Content from tabular data in Mokvino Web


Mokvino Web is a collection of scripts for GNU Awk, GNU Make and Mokvino which can be used to build and maintain websites.

You can define a simple text-based table of data in src/tables/foo.tab, and a script in src/tables/foo.awk to generate content from it. First, you need to indicate that the table exists, and that potentially all documents depend on it:

TABLES += foo
TABLE_USERS_foo += $(DOCS)

Let's suppose that the table contains the following:

john|23|John Smith
fred|42|Fred Flintstone
wilma|19|Wilma Cargo

You can write a script to process this:

# In src/tables/foo.awk
BEGIN {
    FS = "|";
}

{
    skip_blanks();
    start_fields();
    id = next_field();
    age = next_field();
    name = next_field();

    outfile = open_quantum("info-" id ".m5");
    printf "define(`AGE/%s', `%d')\\\n", id, age | outfile;
    printf "define(`NAME/%s', ``%s'')\\\n", id, name | outfile;
    close(outfile);

    outfile = open_quantum("link-" id ".m5");
    printf "define(`ADDR/%s', `person/%s')\\\n", id, id | outfile;
    close(outfile);
}

From a Mokvino file, you can load any of the files named by open_quantum calls, e.g.:

loadtable(`foo/link-john')\

indir(`ADDR/john')

By using loadtable, Mokvino Web will remember that this file depends on the one generated by the GNU Awk script. If you change the source table such that the data in foo/link-john.m5 changes, the referencing file will be rebuilt. If you change only a different entry, the table will be reprocessed, but the referencing file won't be rebuilt. Use loadtablesys if you don't want to record the dependency.

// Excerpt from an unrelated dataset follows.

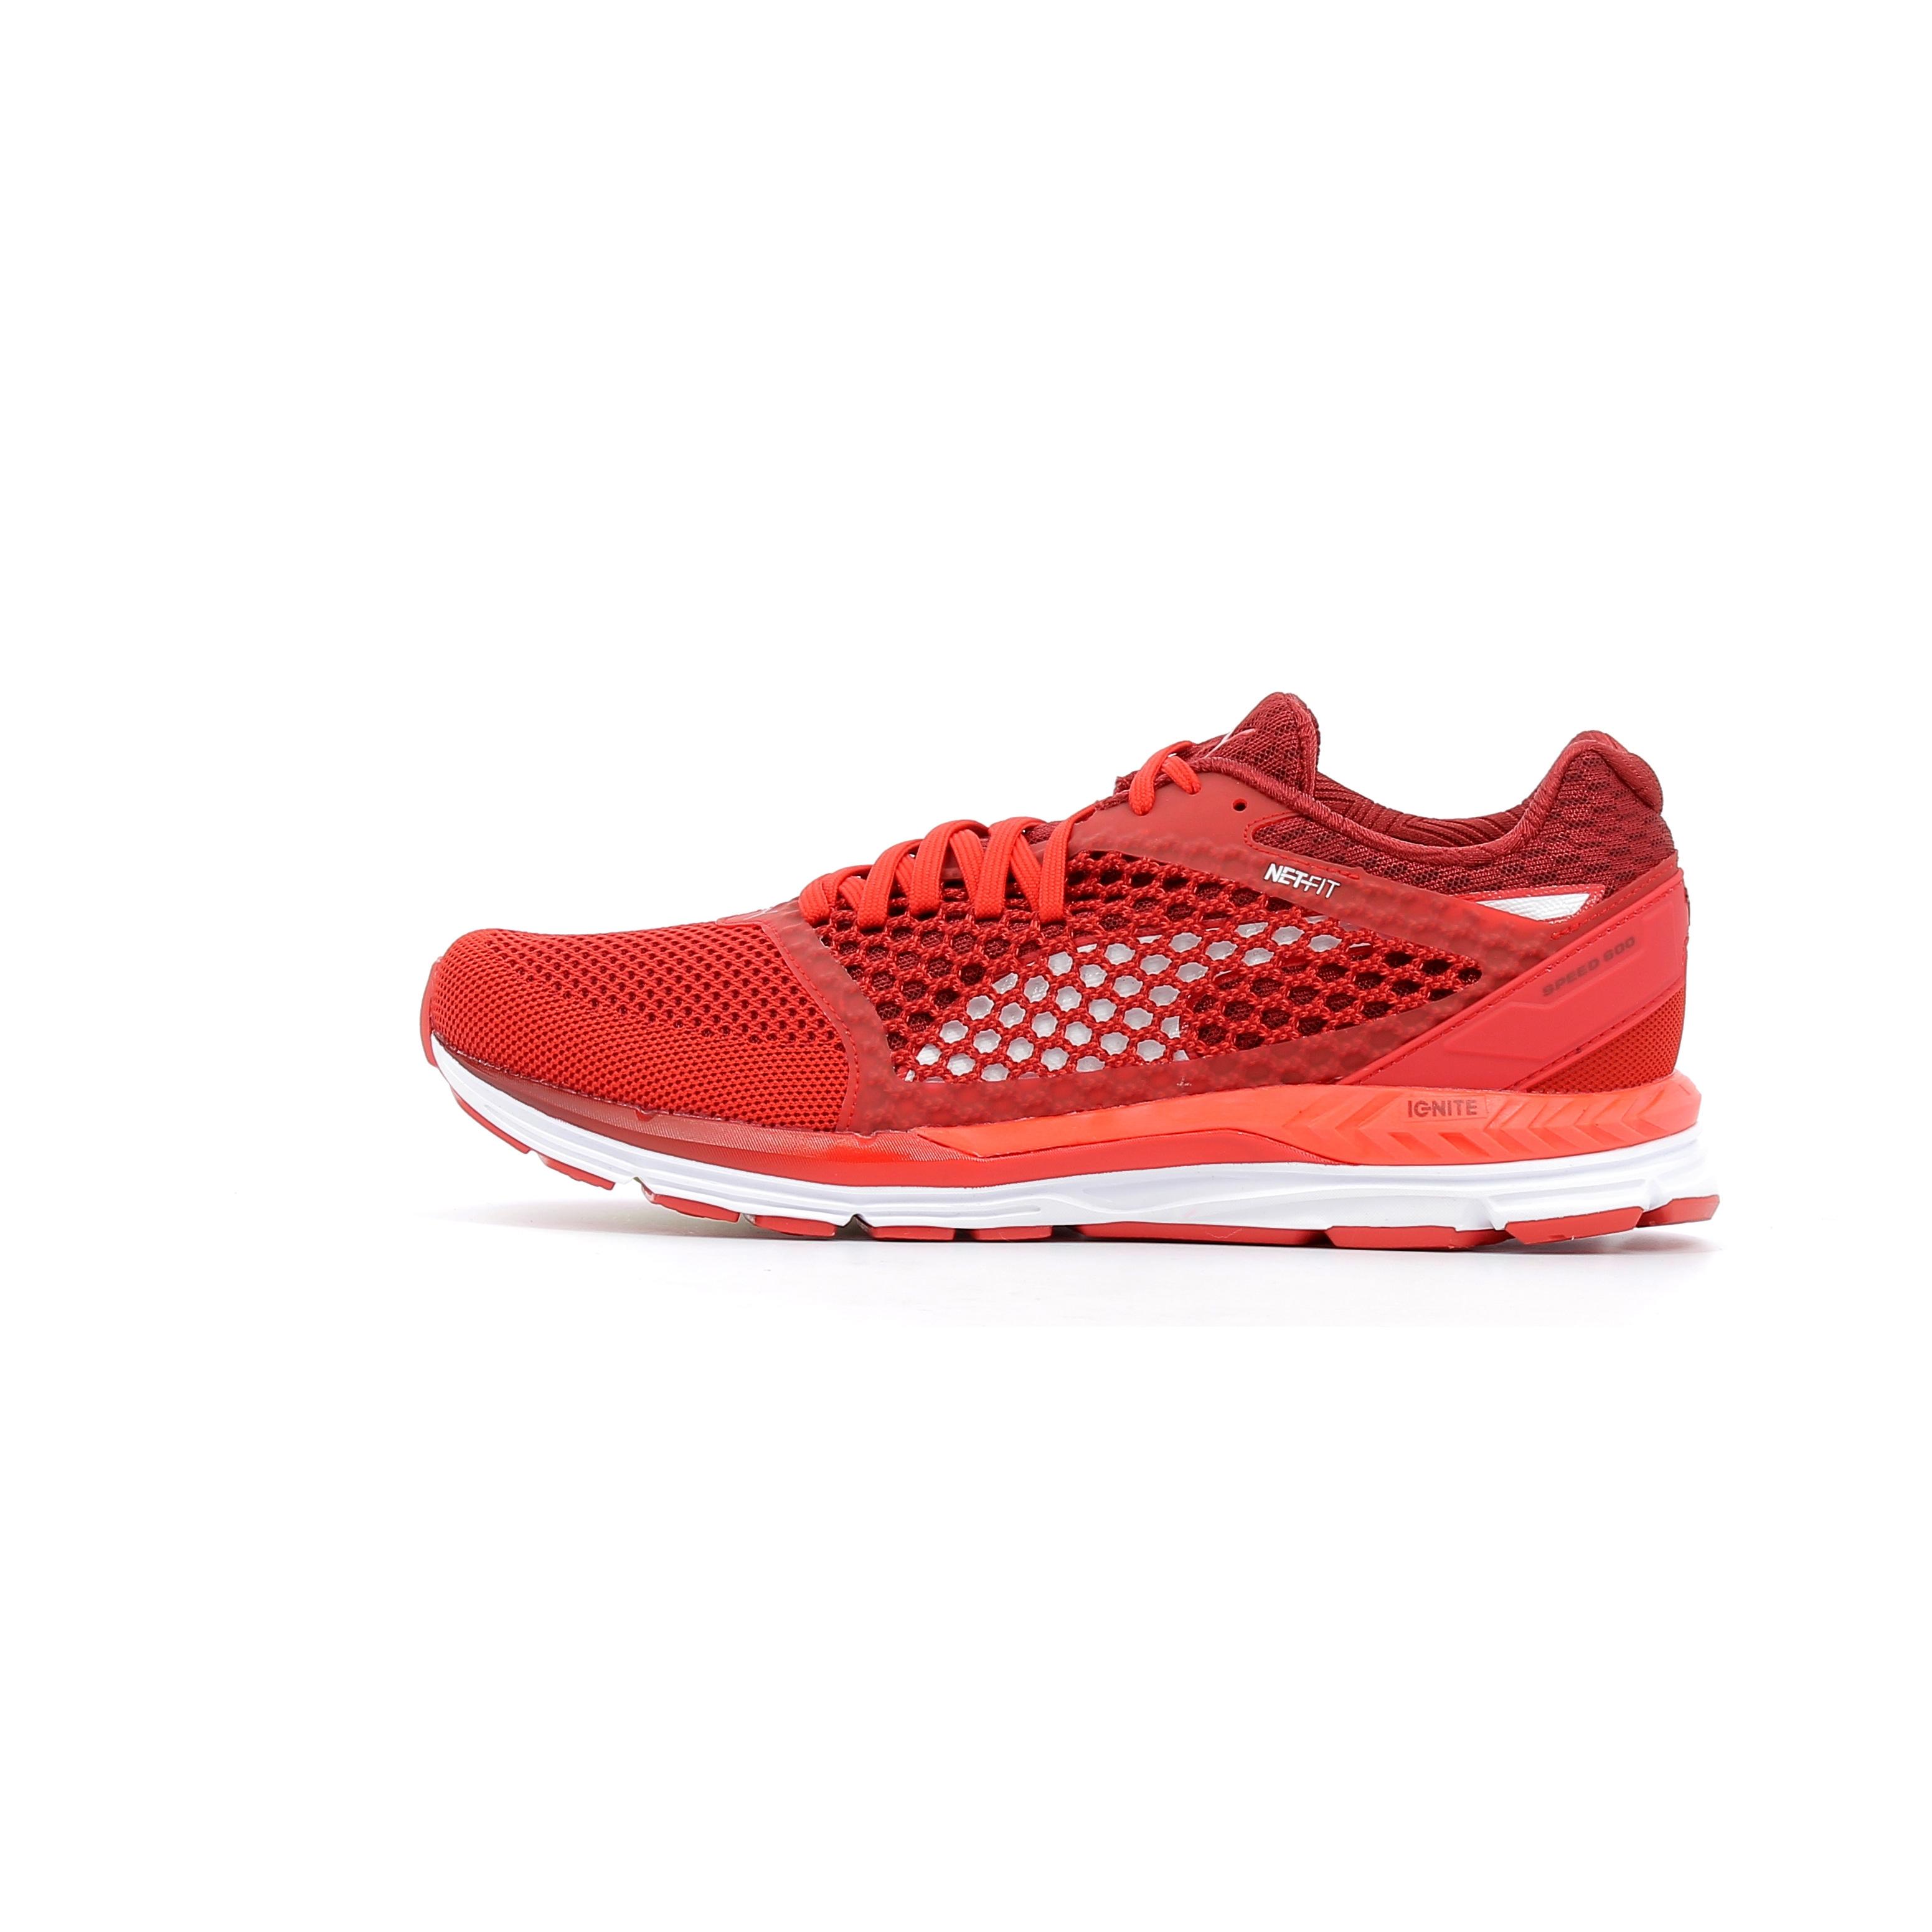 Chaussures de running Puma Speed 600 IGNITE 3

Note that files created with open_quantum are sorted by lines. Ensure that every unit written to them is not split over multiple lines.

The argument to open_quantum can include forward slashes as directory separators, so content written to open_quantum("brown/bread.m5"), for example, can be loaded with loadtable(`foo/brown/bread').

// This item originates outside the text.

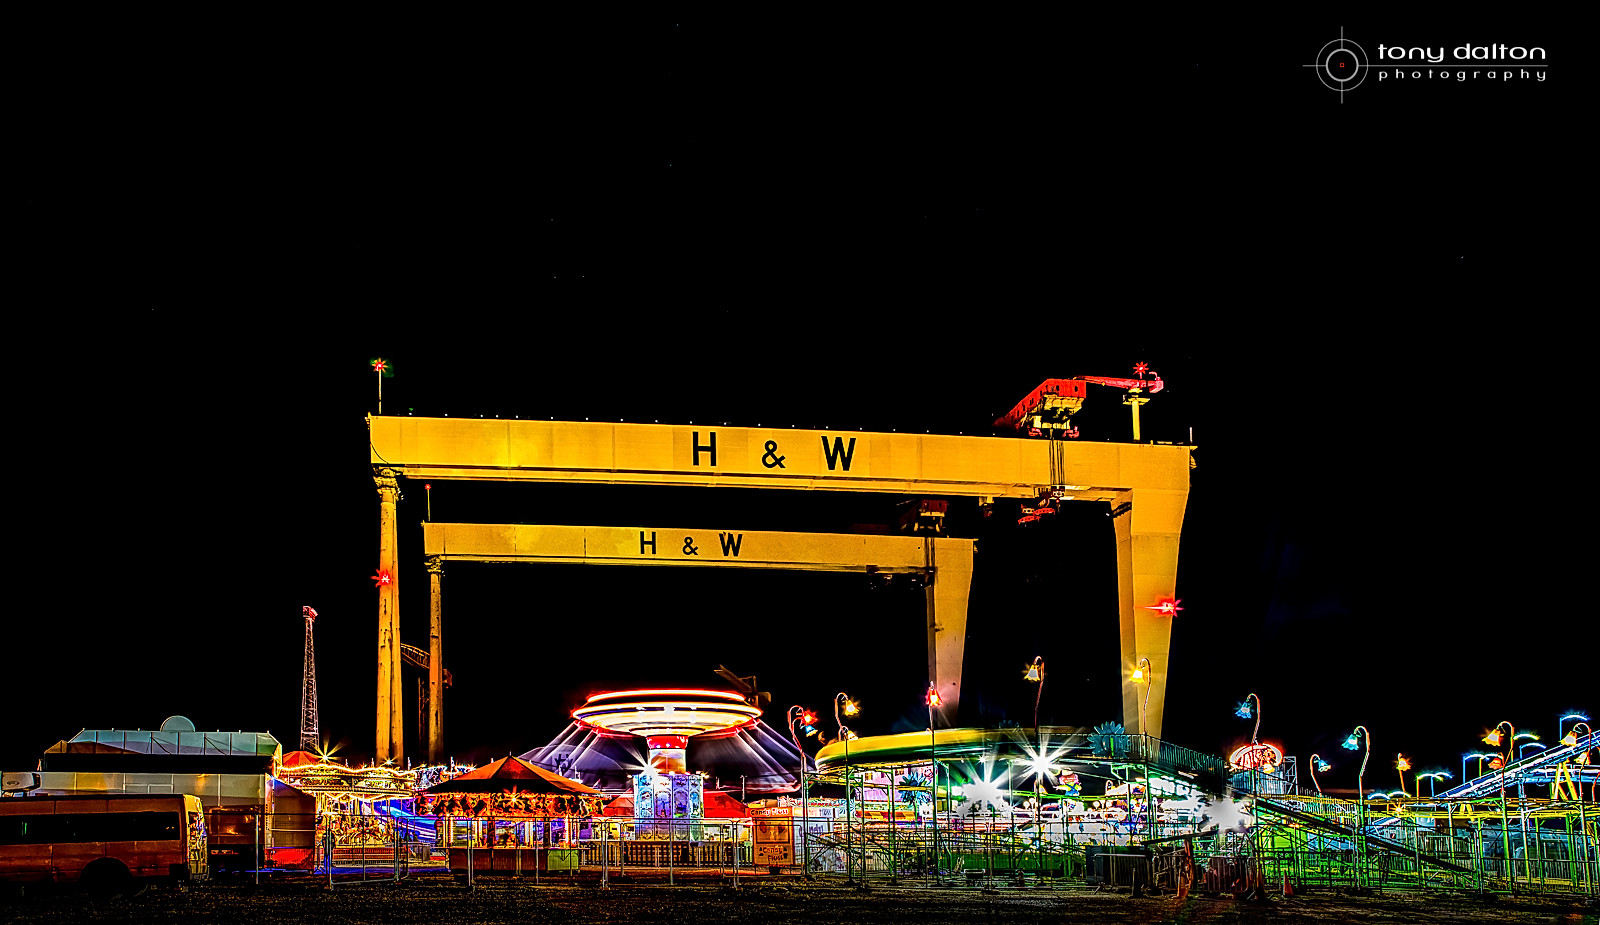 Harland & Wolff Fun Fair

Using close(outfile) isn't strictly necessary, but it is recommended to avoid the Awk script running out of file descriptors.

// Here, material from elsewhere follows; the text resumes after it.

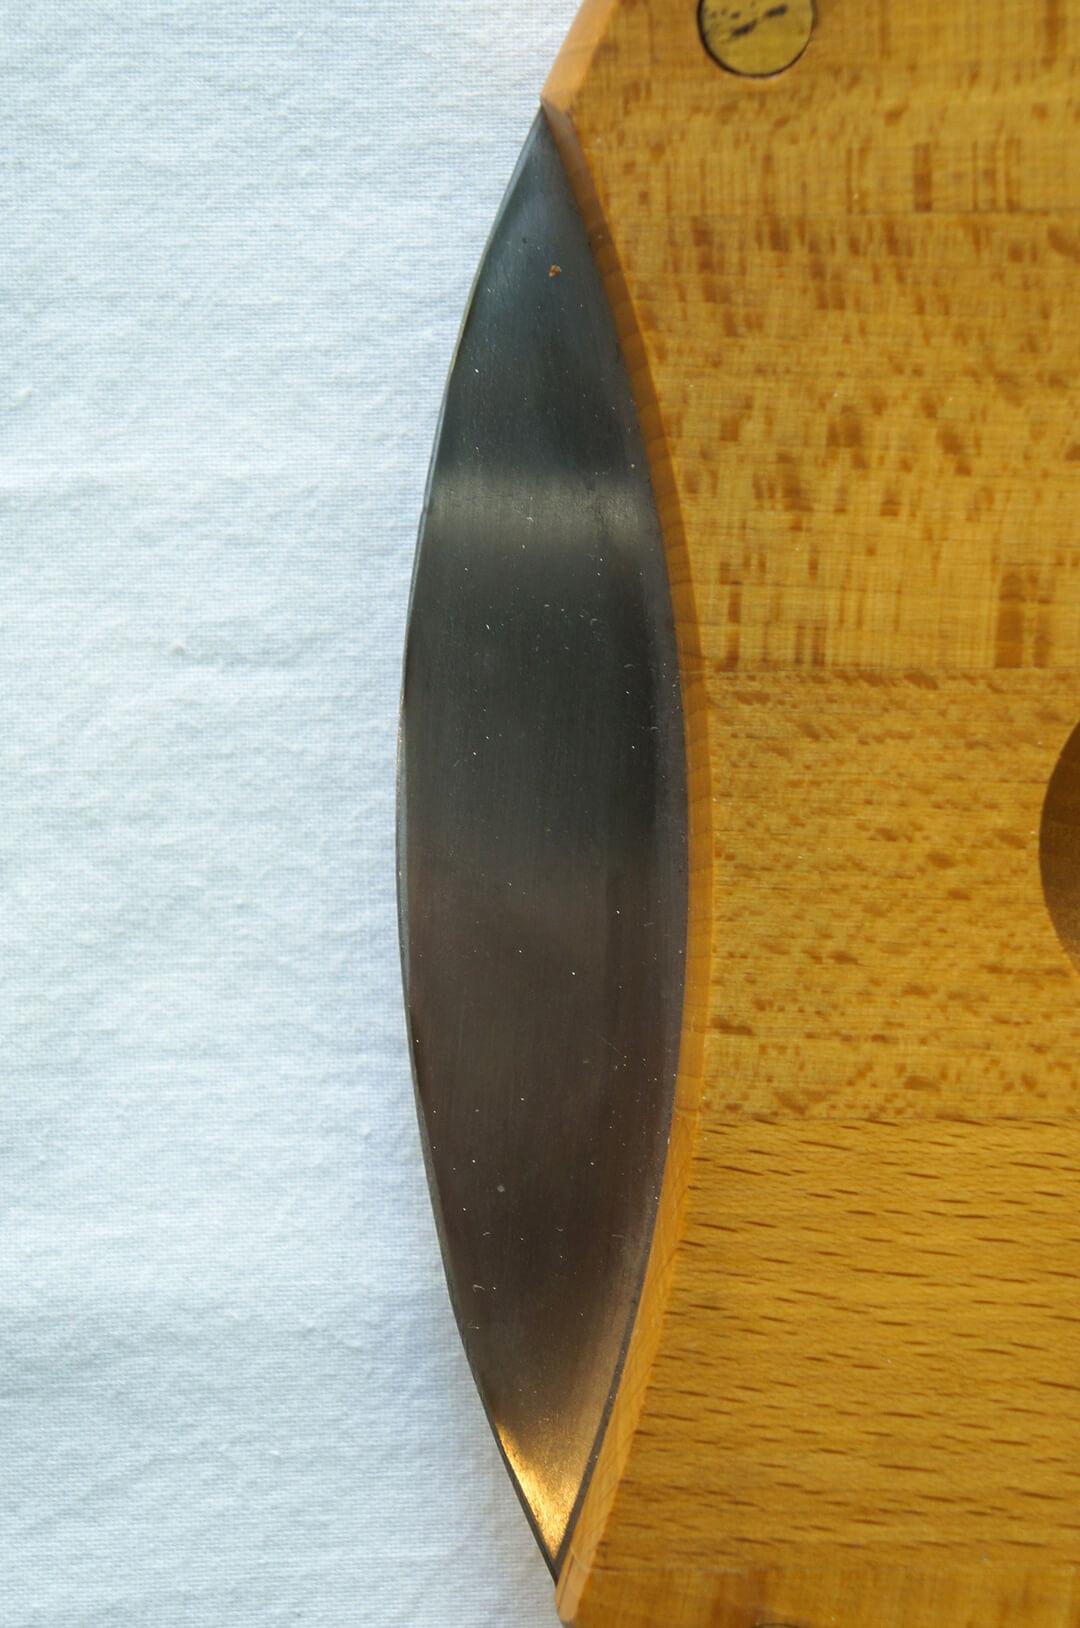 Beech Wood Cutting Board Made In Denmark/デンマーク製 カッティングボード ビーチ材 北欧雑貨 食器 インテリア 1

Separate table scripts and data

Table scripts are in src/tables by default, the same as the tables themselves. You might prefer to keep the scripts separate, e.g., in etc/tables:

TABLE_SCRIPTDIR=etc/tables

CSV

If you prefer your tabular data to be in CSV format, use:

BEGIN {
    csv();
}

You can specify an alternative separator:

BEGIN {
    csv("|");
}

You can specify an alternative quote character:

BEGIN {
    csv("", "'");
}

If you want to skip comments and blank lines, and process the remainder as CSV:

BEGIN {
    csv();
    CSV_Q = -1;
}

{
    skip_blanks();
    CSV_Q = 0;
    csv_record();
    CSV_Q = -1;
}

{
    Your normal processing...
}

Generating pages from tabular data

A table can specify sets of documents to make, instead of you having to list them separately in Makefile. Let's extend our example:

# In src/tables/foo.awk
BEGIN {
    FS = "|";
}

{
    skip_blanks();
    start_fields();
    id = next_field();
    age = next_field();
    name = next_field();

    outfile = open_make();
    printf "FOO_PEOPLE += %s\n", id | outfile;

    outfile = open_quantum("info-" id ".m5");
    printf "define(`AGE/%s', `%d')\\\n", id, age | outfile;
    printf "define(`NAME/%s', ``%s'')\\\n", id, name | outfile;
    close(outfile);

    outfile = open_quantum("link-" id ".m5");
    printf "define(`ADDR/%s', `person/%s')\\\n", id, id | outfile;
    close(outfile);
}

The open_make call and the following printf will create a file containing:

FOO_PEOPLE += fred
FOO_PEOPLE += john
FOO_PEOPLE += wilma

(Note that this file is normally sorted by default, so don't split any unit over multiple lines.)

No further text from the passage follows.